### [Task statement]
Restate, exactly as written, the entries below from the line that holds "Baumpfleger in Schutzkleidung" through the line that holds "plum sauce in a glass jar". Pictures are not part of the copy.

### [Record excerpts]
========================================
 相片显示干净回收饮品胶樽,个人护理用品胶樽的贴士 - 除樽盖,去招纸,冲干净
========================================
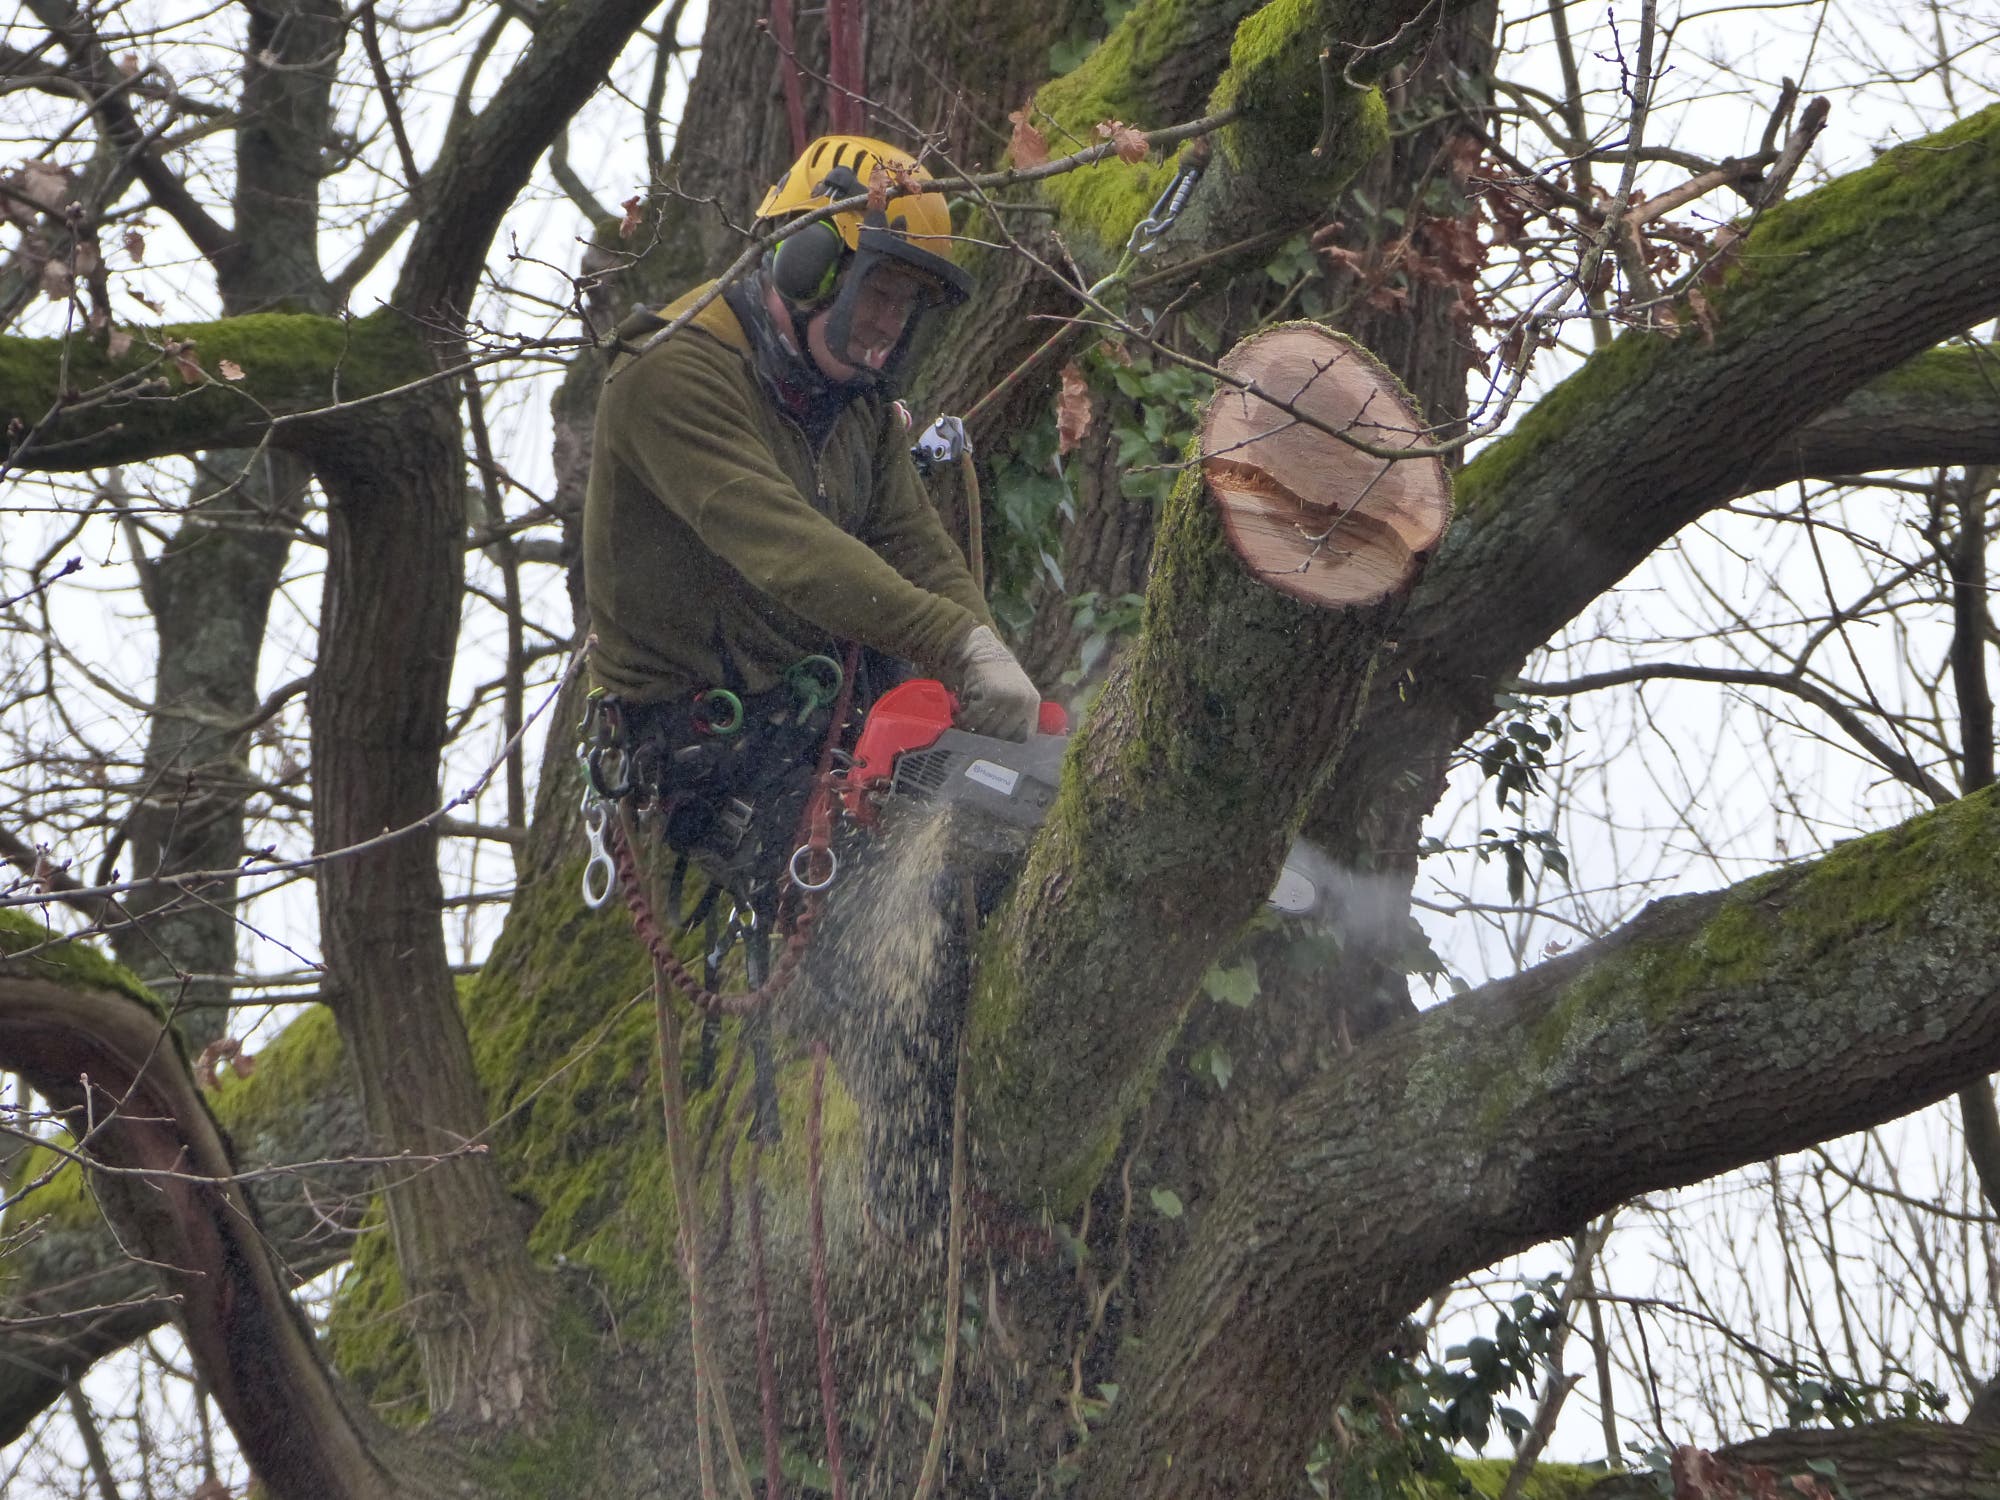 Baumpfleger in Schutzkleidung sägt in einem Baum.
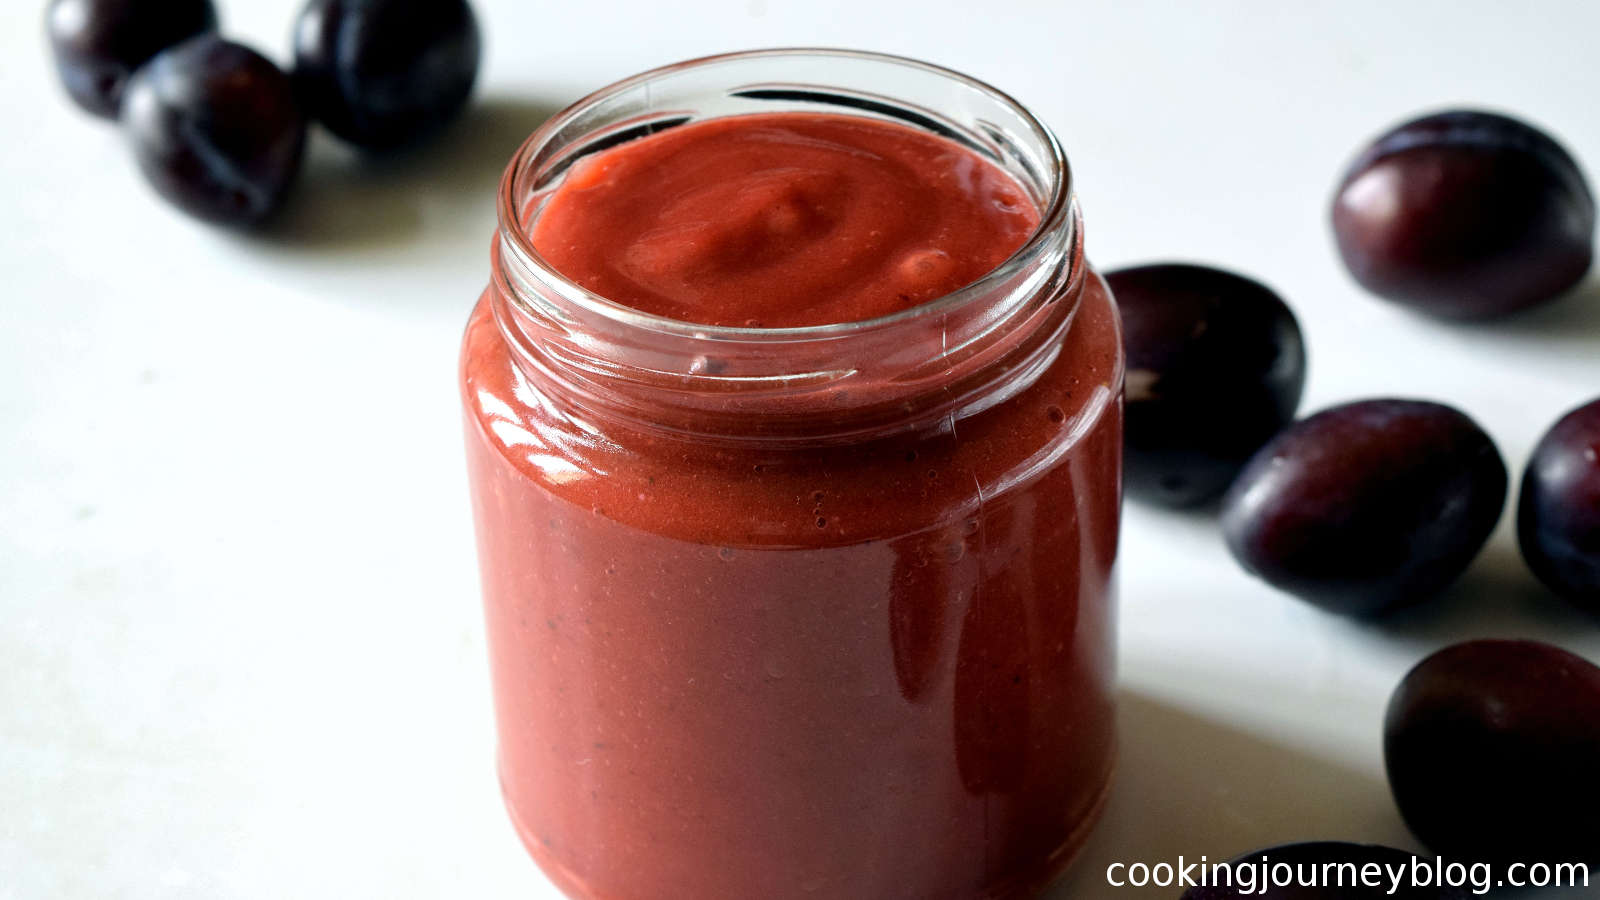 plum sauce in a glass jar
========================================
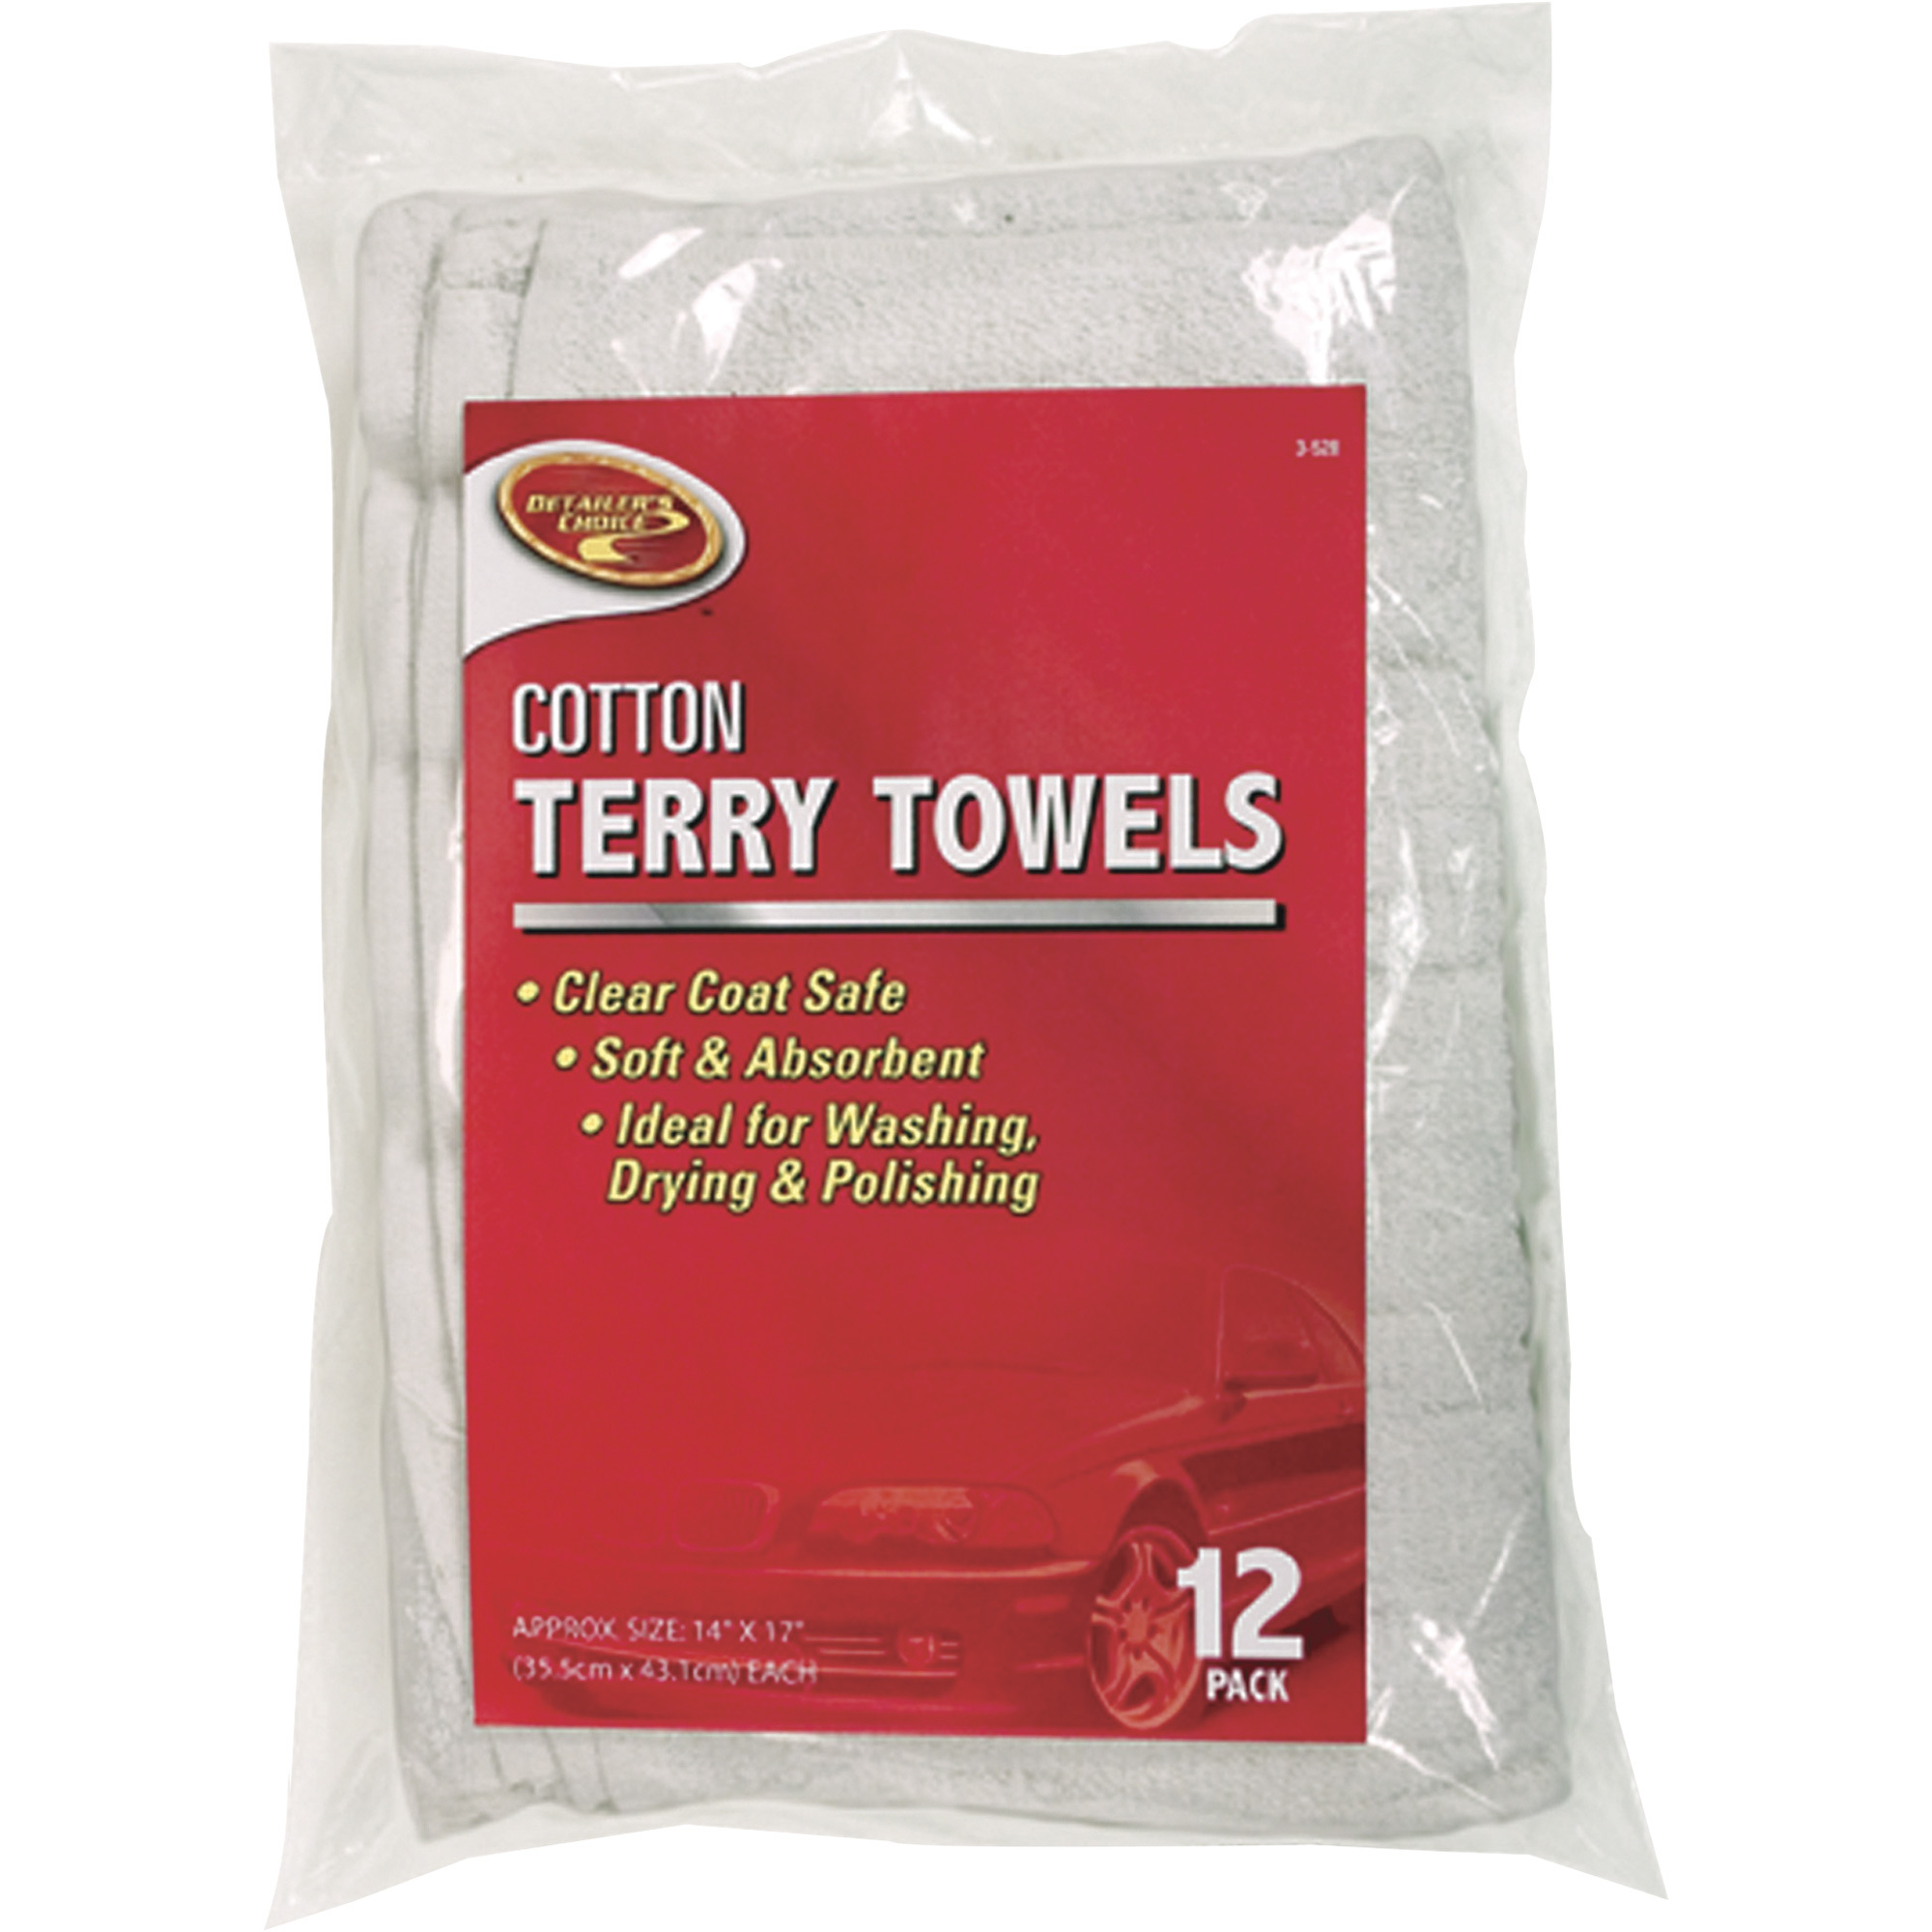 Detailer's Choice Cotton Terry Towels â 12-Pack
========================================
### [Answer section]
 Baumpfleger in Schutzkleidung sägt in einem Baum.
 plum sauce in a glass jar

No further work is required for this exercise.